Beyond connectivity carmakers should consider other disruptive shifts as electrification and, more importantly, self-driving. For start, the kind of technologies needed to make this kind of vehicles work is quite different to the ones carmakers are used to. Besides, autonomous cars will enable the future driver to spend leisure time while driving. When cars become mainly a living space, companies in this sector will have to change their focus from drivers to passengers. The less important becomes to have somebody in charge behind the wheel, the more important will become as competitive advantage the kind of services offered by cars to improve the experience of moving from A to B, especially if just moving from A to B becomes a commodity.

Are carmakers getting ready to these scenarios? Can they even consider one in which the vehicle itself becomes a commodity? If demand focuses on value outside the automaker’s control, certainly they can not expect to obtain from consumers the kind of “price appreciation” they have been getting so far.

 

Not alone but, who with?

Car companies cannot conquer the future of mobility alone. Dramatic changes are afoot in the next era of the auto industry. Collaboration across the automotive industry will be critical to address those challenges ahead. But who to collaborate with and how? 

Decisions about investments and industry alliances that are being made now will determine the dominant positions of tomorrow. If “sleeping with the enemy” is hard enough, it is even harder to determine for start who the real enemy is actually.

For instance….

More than three years ago, Tesla decided to opening up their patents, considering as “friends” and not enemies any competitor putting electric cars on the market (therefore, helping to move forward faster the new market Tesla wants to thrive in).

A couple of years ago, just the rumors about a collaboration that never happened between Ford and Google for the development of self-driving cars led to plenty of speculation and literature about who (Detroit or Silicon Valley) would become the real winner and the final loser of such a deal.

Two main different approaches to collaboration seem to be considered today by the auto industry. One is about collaborating with the “enemy”, entering into broad-scope collaborative projects with tech companies involving not just shared technology, but also market plans and the co-development of essential technologies.

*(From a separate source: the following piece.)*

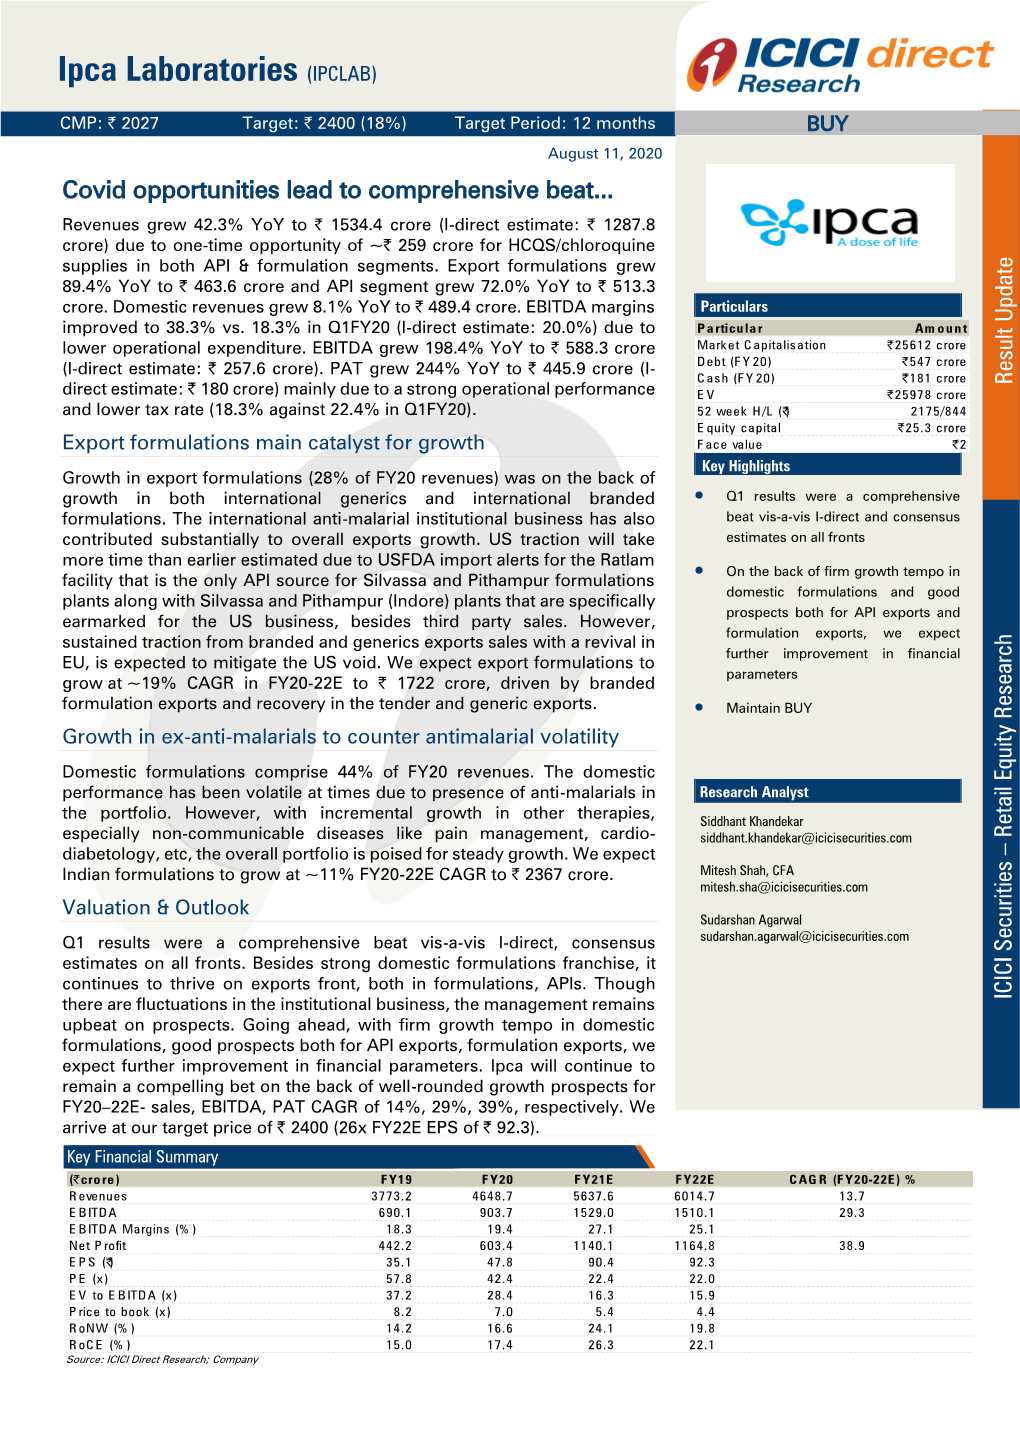 Result Update | Ipca Laboratories ICICI Direct Research

BMW i Ventures, a venture capital fund based in Silicon Valley, or Toyota Connected, a partnership with Microsoft, can be included in this first group.

But these kinds of collaborations also make arise criticism or at least caution among part of the car industry. These critics consider that without proper management, these collaborations could potentially result in fundamental structural changes that might led to further diminution of the carmakers leadership and clout, favoring instead the tech industry. This is why, some other approach to co-innovation considers automotive companies must preserve control over their existing and organically developed technologies in collaborative activities.

Initiatives as the collaborative open source project Automotive Grade Linux, mentioned in this blog three years ago, or the case of Here Technologies, a consortium of Volkswagen, BMW, and Daimler to assemble a “federated” platform providing precision mapping data and location services, are interesting examples of automotive companies once fierce rivals joining together to neutralize the threat of a potential competitive bottleneck controlled by Google or Apple.